In the iron ore mine when he was five, the Finns had pointed out stalactites, which he did not touch, though he had imagined how they would feel: cold and smooth and slick. He had thought of the stalactites when he laid his finger on Clarence’s tusk. But had the tusk been slick? He could not remember, the tactile part of the memory simply gone. How was it possible to lose part of a memory, for one of the senses to stop contributing? If he reached out into the darkness again, would his fingers remember how Clarence’s tusk had felt in the seconds before Aaron said, “I love them,” or in the seconds after?

Clarence had been crying. He understood this only now.
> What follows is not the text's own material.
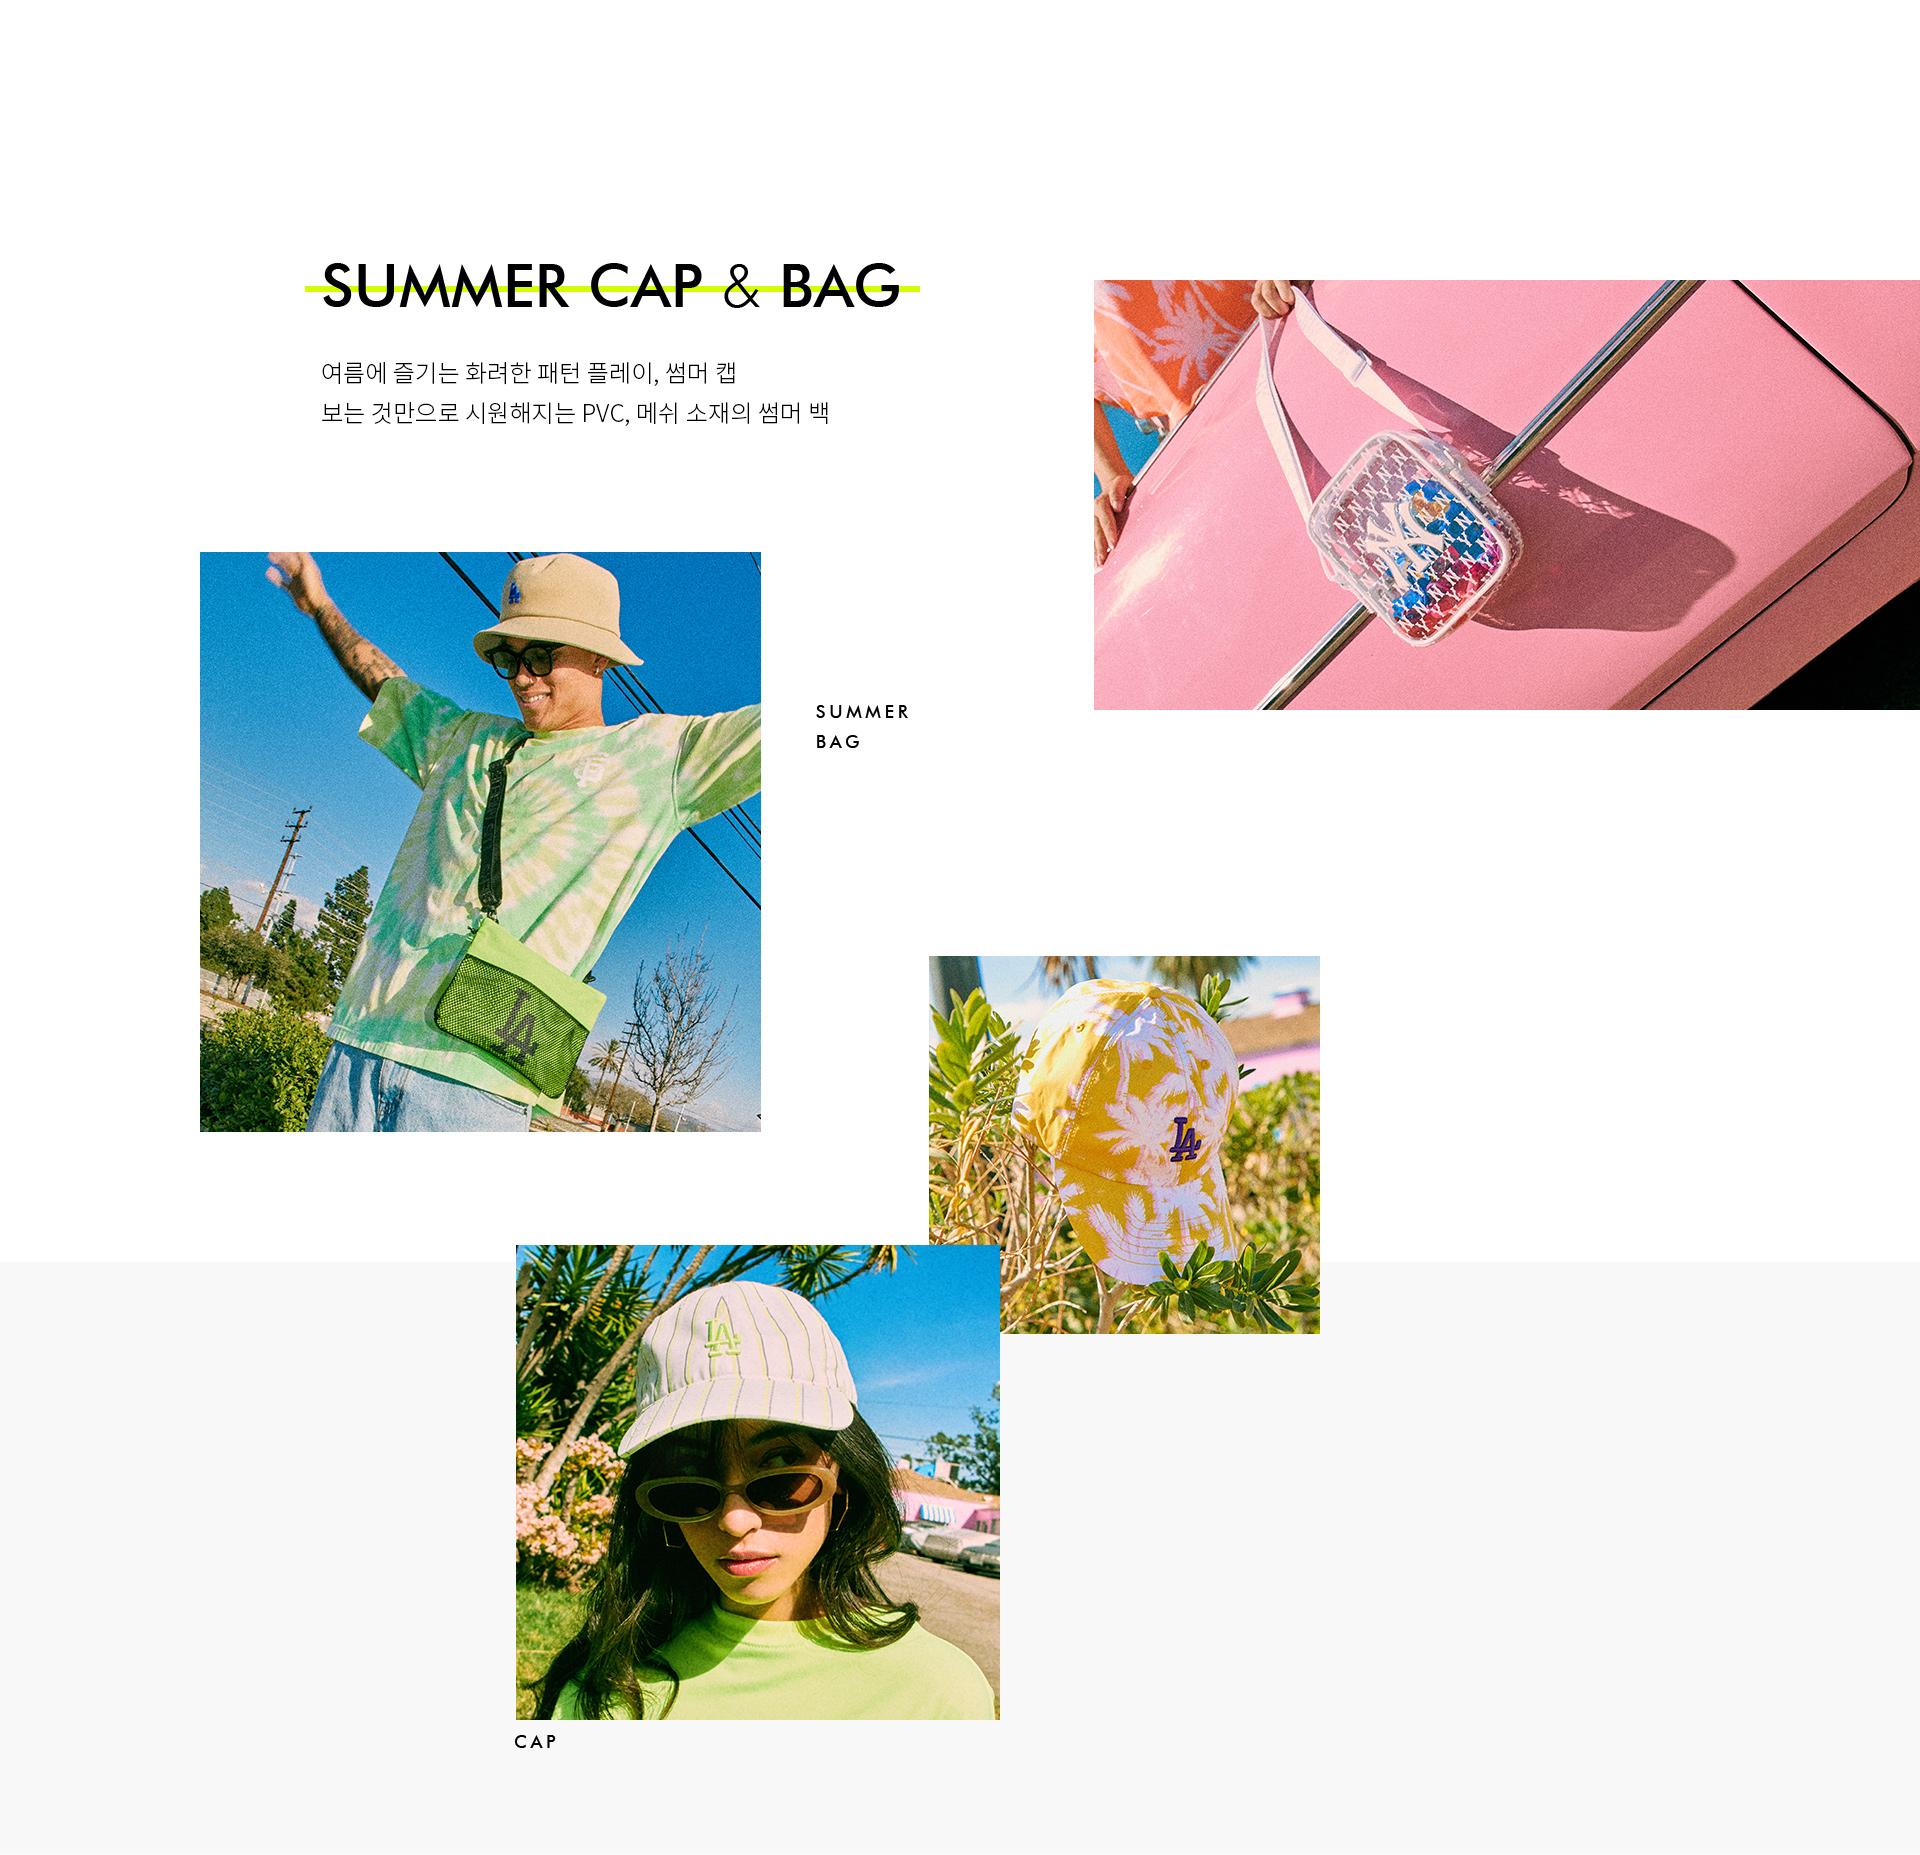 SUMMER CAP & BAG 여름에 즐기는 화려한 패턴 플레이, 썸머 캡 보는 것만으로 시원해지는 PVC, 메쉬 소재의 썸머 백 SUMMER BAG CAP

“Aaron,” said a voice from the dark, “why are you here?” It was his mother.

23

She had awakened him like this once before, when he was five. Nearly five. It was New Year’s Eve. His father had had to work the night shift, and he and his mother stayed up late watching television and eating popcorn with an ease that felt festive, neither of them saying aloud what they both knew: it was his father’s absence that made it feel like a holiday. He did not remember falling asleep, but he woke up in his bed, the room dark, his mother beside him. “Welcome to the seventies, Aaron,” she said. She smelled of alcohol, though she was not a drinker, and crackers. He recognized both as she leaned close to kiss his forehead, the latter an everyday smell that he associated with soup and upset stomachs, the former a rarer odor that occasionally wafted from his father’s glass at the supper table. She remained there with him a long while, her breathing unsteady, her hand warm on his brow, before she stood and whispered, “Don’t be afraid of the world.” Years later he thought that she had been talking to them both.